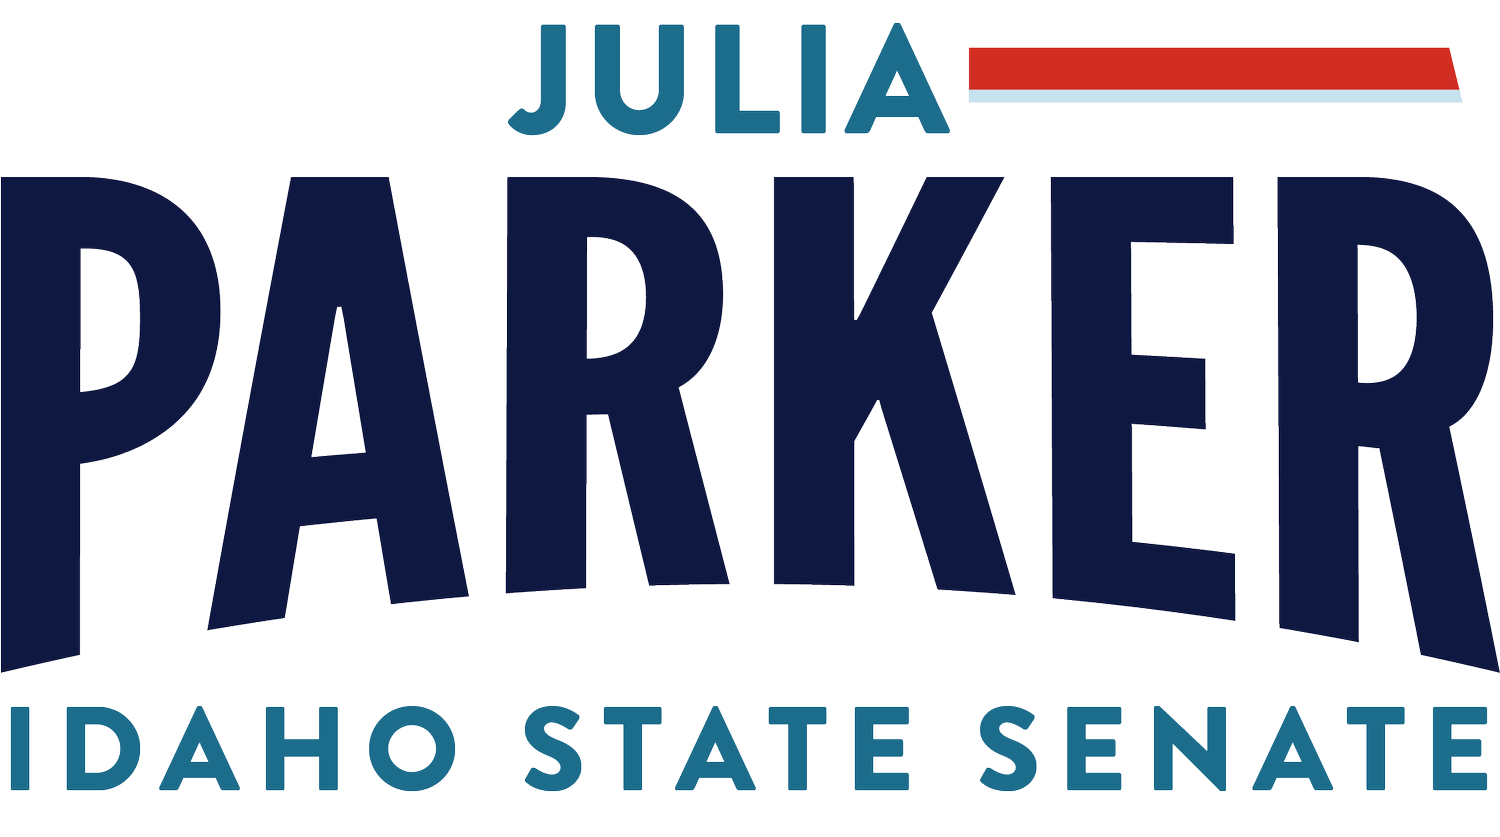 Julia Parker for Moscow City Council
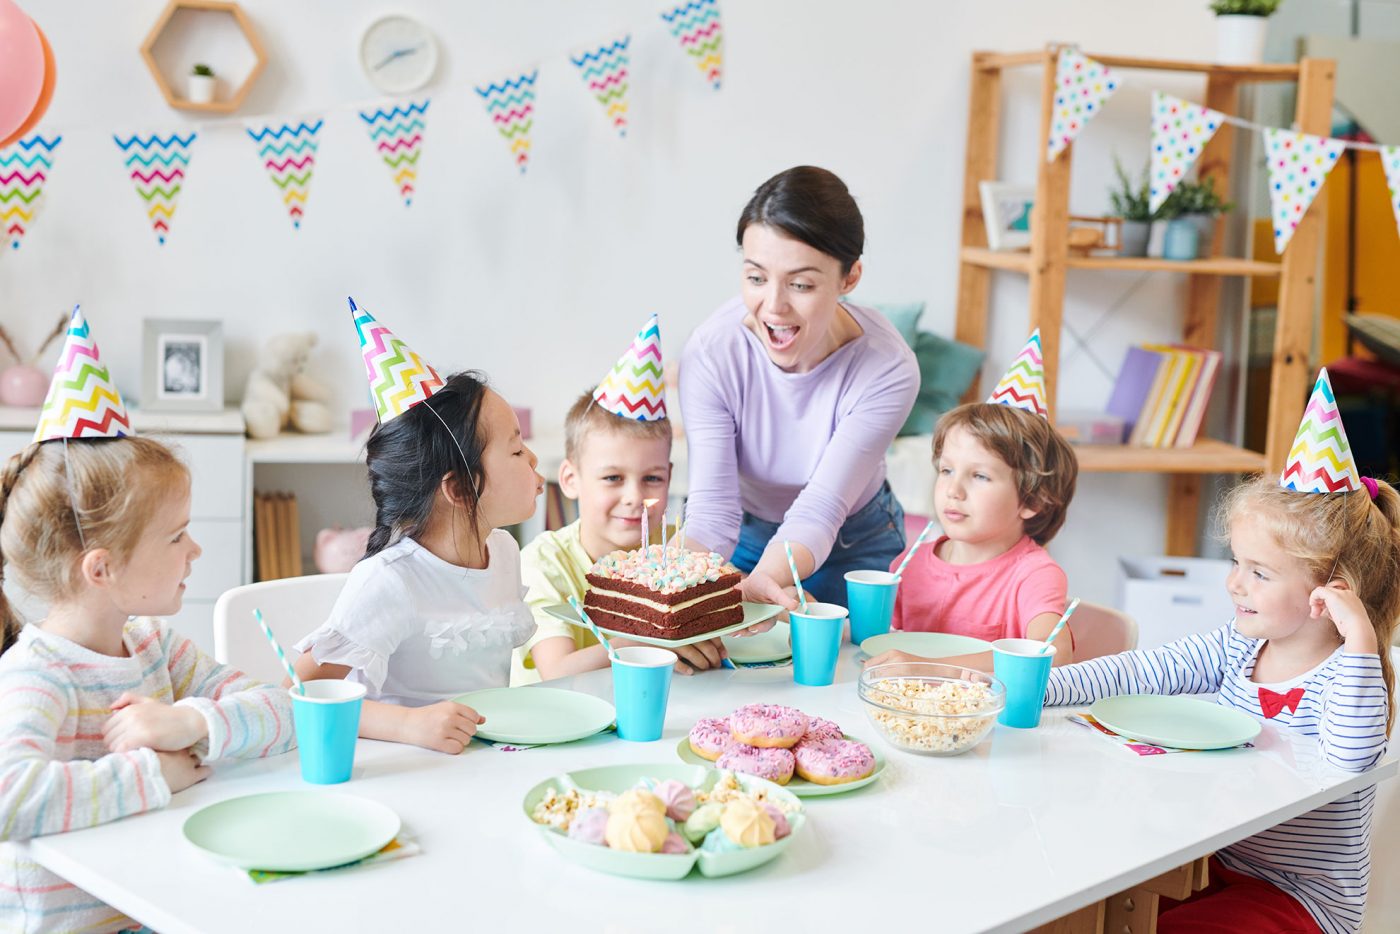 Throw a kiddie birthday party with allergy-safe snacks
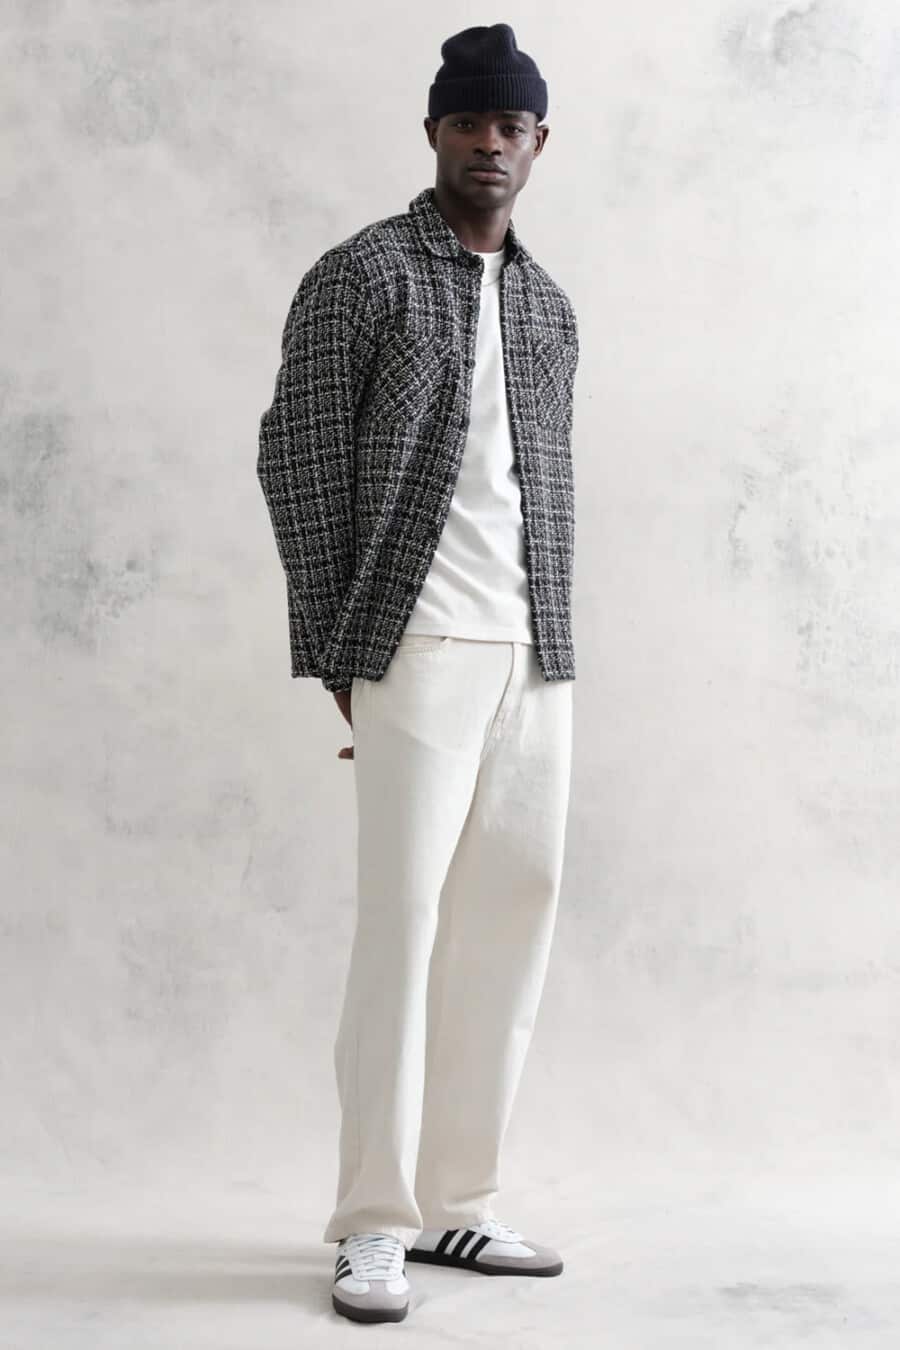 Men's off-white jeans, white T-shirt, black and grey checked overshirt, black beanie and Adidas Samba sneakers outfit

▶ **Assignment**
This task calls for the lines from the line holding "Throw a kiddie" through the last line above, restated word for word with both ends included and the pictures dropped.

▶ **Exercise output**
 Throw a kiddie birthday party with allergy-safe snacks
 Men's off-white jeans, white T-shirt, black and grey checked overshirt, black beanie and Adidas Samba sneakers outfit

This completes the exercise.